Week's news analysis

Is it time for the return of gene therapy?

By The Editor - 10 December 2020

The R&D on Covid-19 vaccines and treatments is not the only goal of Big Pharma. Interest in gene therapy development remains very high, as evidenced by several recent deals and agreements.

  • In July, Harvard University's Massachusetts Eye and Ear had entered into an exclusive licensing agreement with Biogen to develop a potential treatment for inherited retinal degeneration (IRDs) due to mutations in the PRPF31 gene, which are among the most common causes for autosomal dominant retinitis pigmentosa. Inherited retinal degenerations are a group of blinding eye diseases caused by mutations in over 270 different genes. Mutations in the PRPF31 gene are the second most common cause of dominant IRD and lead to defects in the function of the retinal pigment epithelial (RPE) cells and photoreceptors of the retina.



  • Beginning of December, Janssen penned a deal to acquire the rights to Hemera Biosciences' investigational gene therapy HMR59, which is designed to help preserve vision in patients with geographic atrophy, a late-stage and severe form of age-related macular degeneration (AMD). According to Janssen, patients with AMD often have low levels of CD59, a protein that protects the retina from damage caused by an essential part of the body's natural immune response called complement. In geographic atrophy, which affects around 5 million people worldwide, an overactivity of complement destroys cells in the macula, the central part of the retina. HMR59 is designed to increase the ability of retina cells to make a soluble form of CD59, with the theory being it can help stop further damage and retain a patient's vision. a Phase I study of HMR59 for patients with geographic atrophy is complete, while a second early-stage trial evaluating it in patients with wet AMD is currently conducting follow-up visits to determine long-term safety. " Our aim with this novel, single-administration gene therapy is to use our development expertise and deep heritage in vision care to help improve patient outcomes by intervening early, halting the progression to blindness, and preserving more years of sight", James List, M.D., Ph.D., global therapeutic area head, cardiovascular and metabolism, Janssen R&D, explained.

  • Beginning of December too, Bayer created a cell and gene therapy platform to support its growing pipeline of advanced therapy medicinal products. The german company claims five advanced assets and more than fifteen preclinical prospects in cell and gene therapies. Over the last years, it bought BlueRock Therapeutics, which gave it a foothold in cell therapies through the latter's induced pluripotent stem cell (iPSC) technology. It also acquired adeno-associated virus (AAV) gene therapy player Asklepios BioPharmaceutical. The two companies will both be integrated into the new C platform.

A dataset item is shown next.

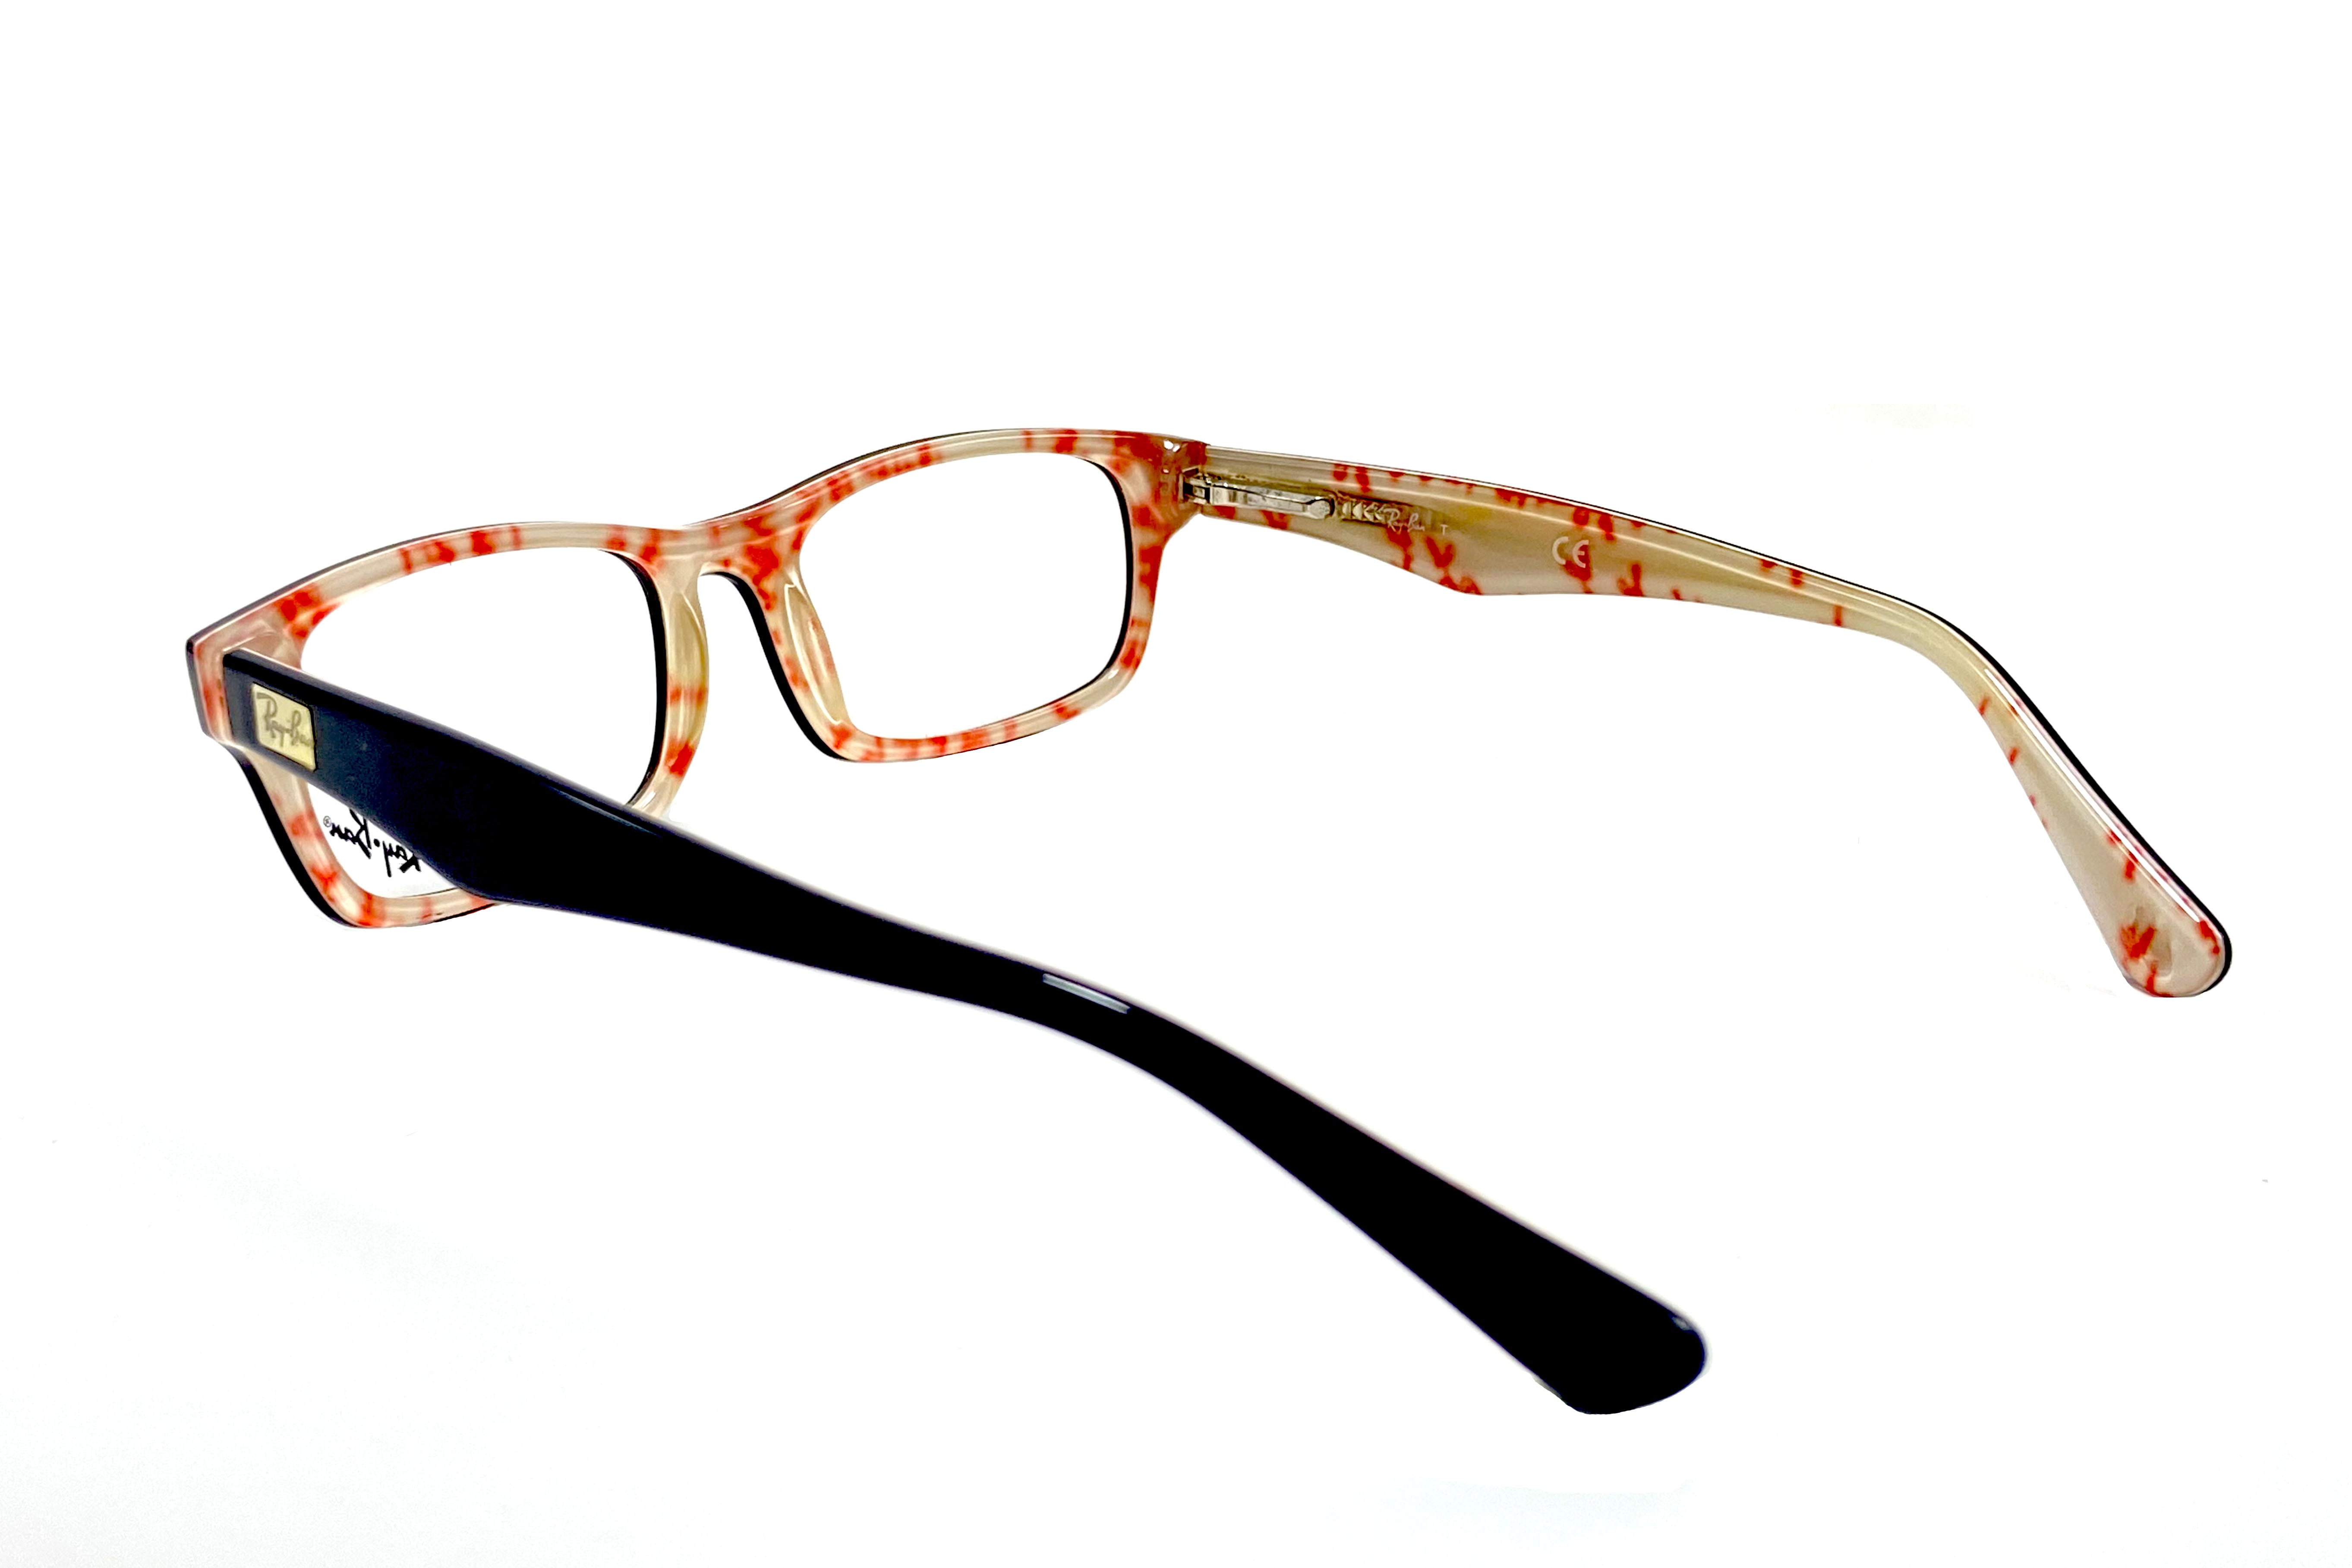 NS Deluxe - 5206 - Black Tortoise - Eyeglasses

  • A few days later, December 7, Bayer announced another deal in the field of gene therapy again, through a pact focusing on tough-to-treat lung cancers with Atara Biotherapeutics. The company also entered the CAR-T research space and more precisely the area of solid tumors. For some time, CAR-T has been focused heavily on blood cancers, where there have been several amazing successes. The deal with Atara focuses on off-the-shelf T-cell immunotherapy ATA3271 for high mesothelin-expressing tumors, with a focus on more rare and tough-to-treat high mesothelin-expressing tumors such as malignant pleural mesothelioma and non-small cell lung cancer.

In 2019, genomic medicine has surged to the forefront of biotech, with almost 30 biotech M&A deals, up from less than 20 in 2018. " The increase was led by a number of high profile gene and cell therapy acquisitions in both the public and private spaces", according to the American gene technologies.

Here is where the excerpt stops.